A MOTHER of five who lied about earning hundreds of thousands of pounds from her escort agency so that she could evade paying tax and claim benefits has been jailed after a retrial.

Janine Adeleke, 45, claimed to be unemployed when she was in fact running her Bexhill-based escort business, Carltons of London.

Investigators found that Adeleke had stolen £212,000 in unpaid income tax, National Insurance contributions and tax credits payments by declaring that she had no income.

She also fraudulently claimed more than £37,000 in income support and other state benefits, and laundered £157,000 of illicit cash, all while sending her children to private schools and splashing out on beauty treatments, gym membership and foreign holidays.

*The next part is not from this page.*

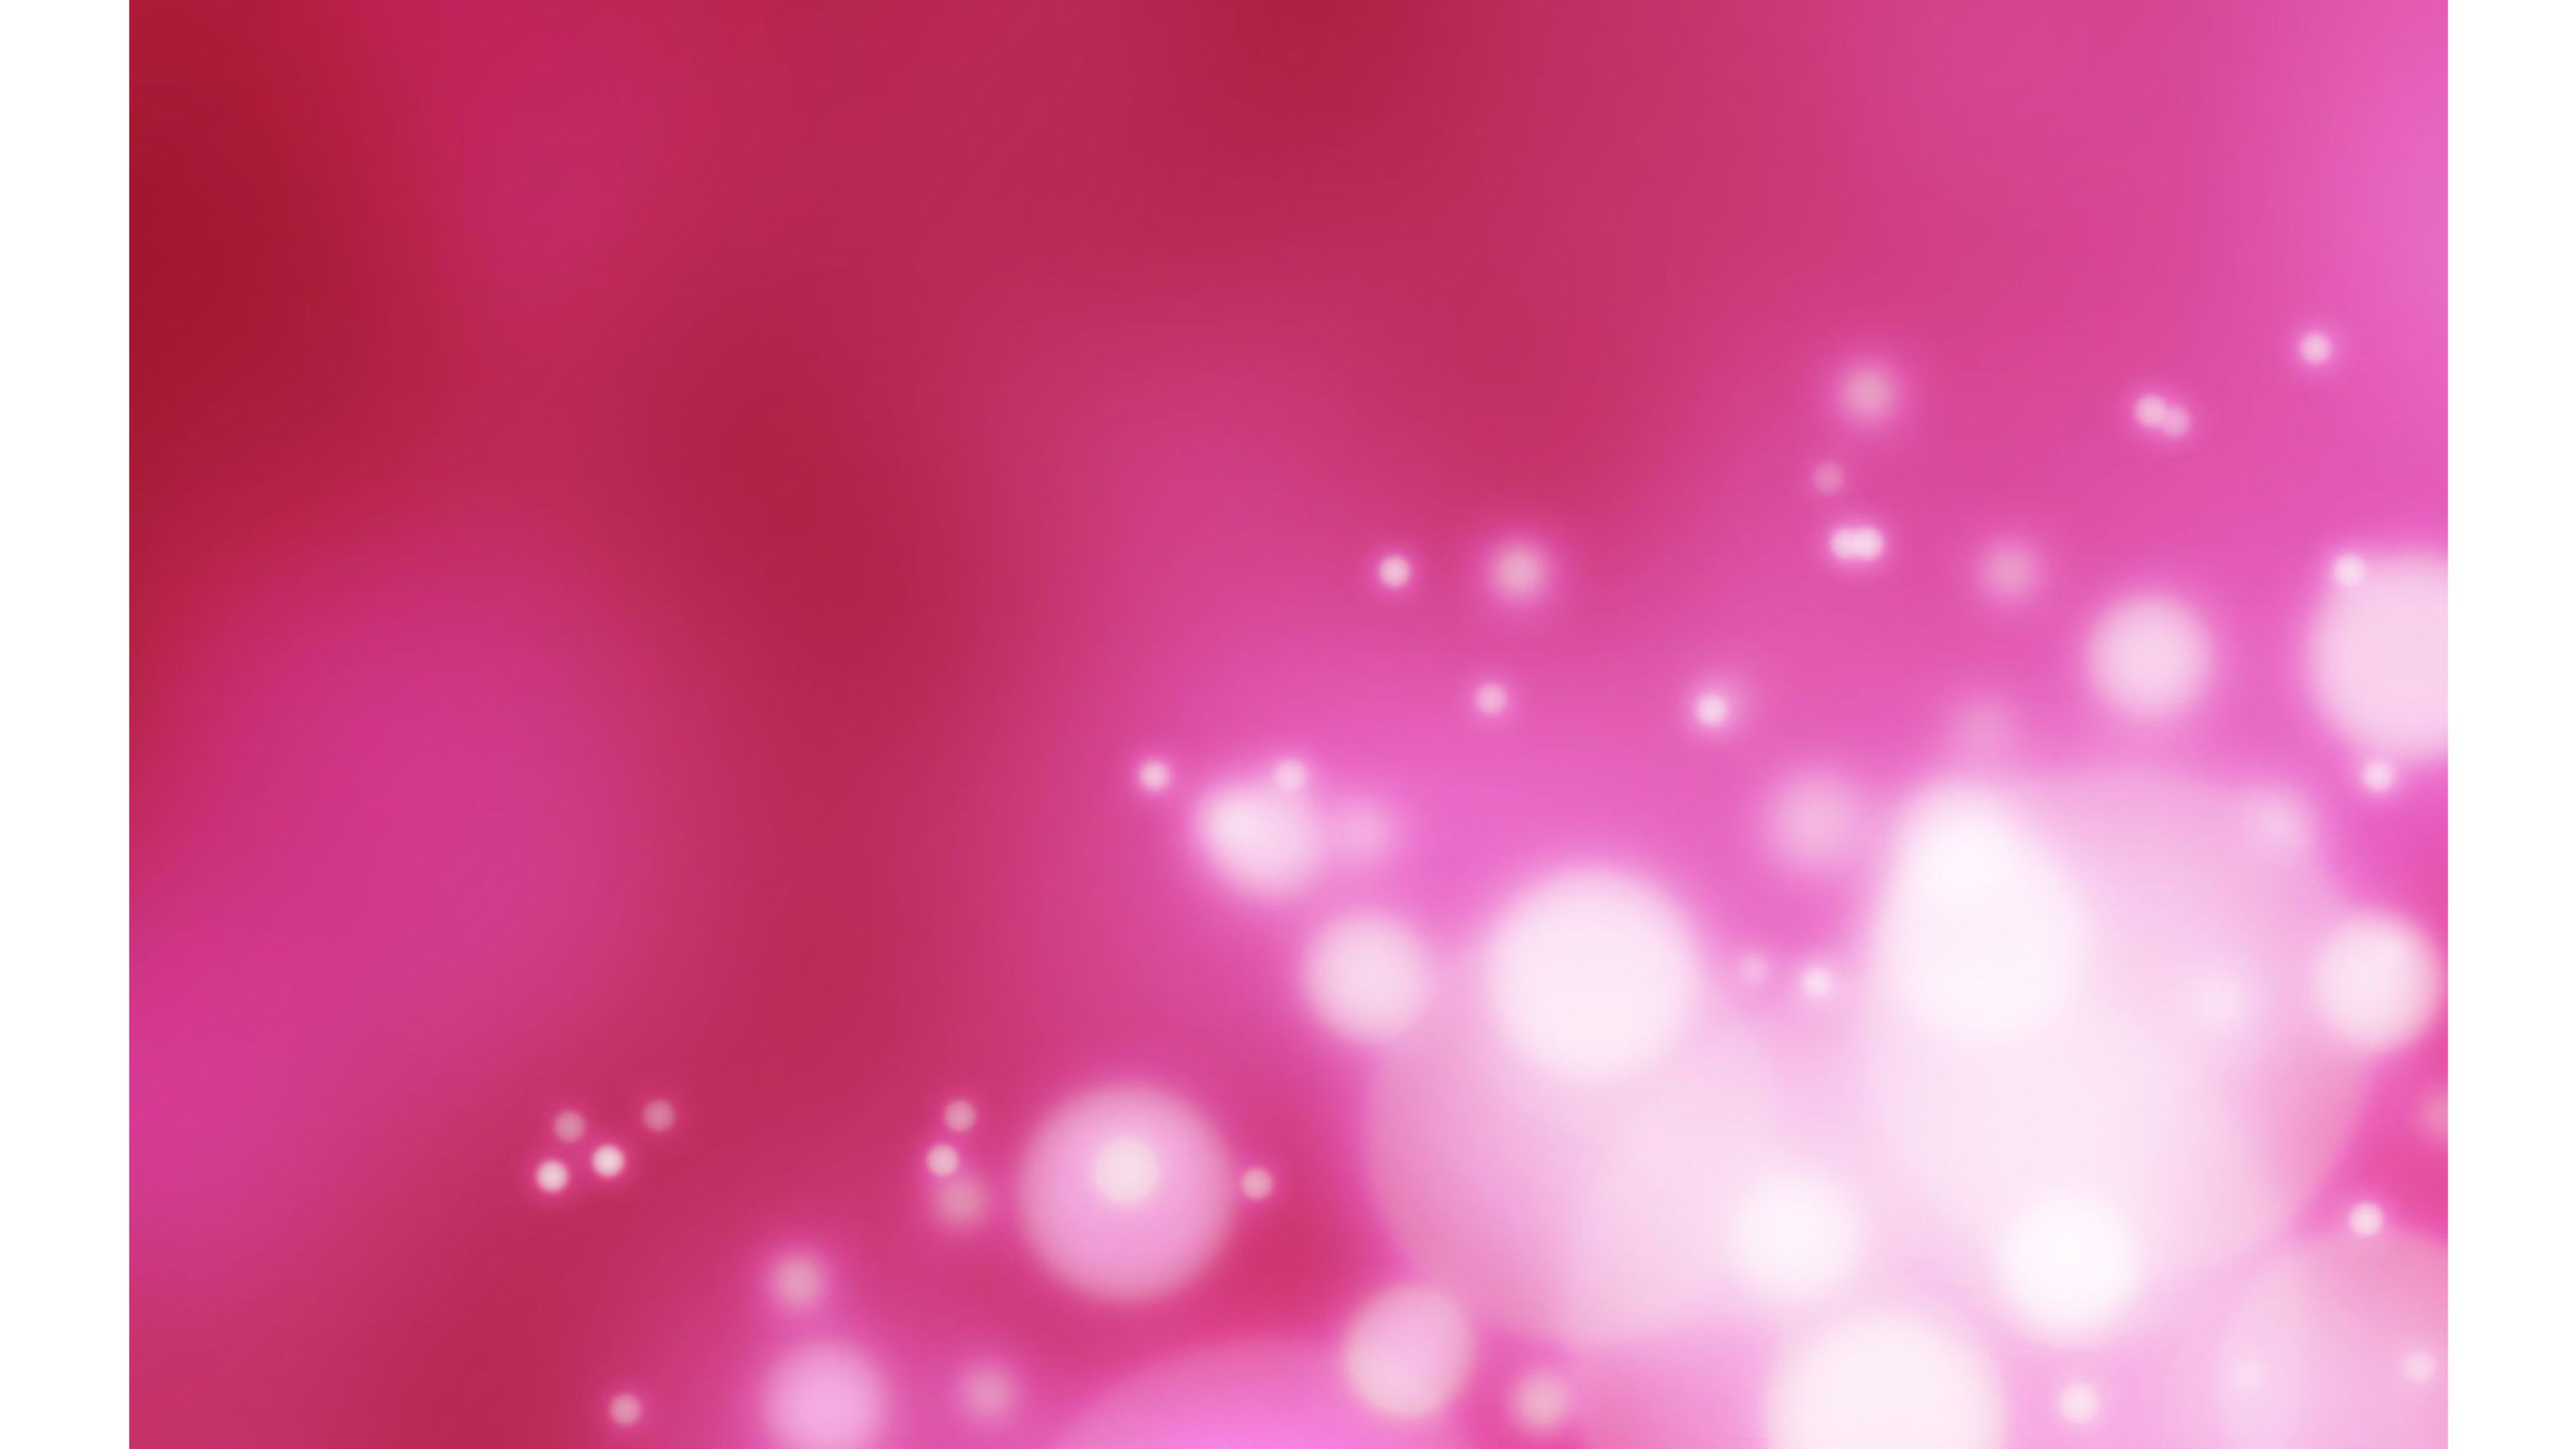 Hot Pink Abstract Wallpapers on WallpaperDog

The hearing was a retrial, after the Court of Appeal ruled in December 2016 against the previous conviction of September 2015. She was jailed for three years on Monday.

Tim Clarke, assistant director of HM Revenue and Customs, said: “Adeleke broke the law to fund a lavish lifestyle and privately educate her children. She defrauded vital public services and stole benefits designed to help struggling families.

“She pleaded poverty, but this was far from the truth.

“She didn’t declare her income because she didn’t want to pay any tax. But she did want to claim state benefits, which are meant to support people on low incomes, and she certainly wasn’t entitled to receive them.”

Investigators uncovered evidence of lavish spending with £103,000 spent on beauty treatments, leisure and holidays, and an additional £88,000 spent in high street stores.

They discovered that more than £1.2 million had passed through her bank accounts, enabling Adeleke to splash out at least £120,000 on private schools between November 2006 and January 2014, including a school which charges up to £30,000 a year.

As a further deception to hide her income, when Adeleke discovered she was being investigated, she laundered £157,000 through her elderly mother’s bank account.

Adeleke, of Watermill Lane, Bexhill, was found guilty of seven counts of fraud, including money laundering, cheating the public revenue, tax credits and benefit fraud at Canterbury Crown Court. Confiscation proceedings have started to reclaim the money.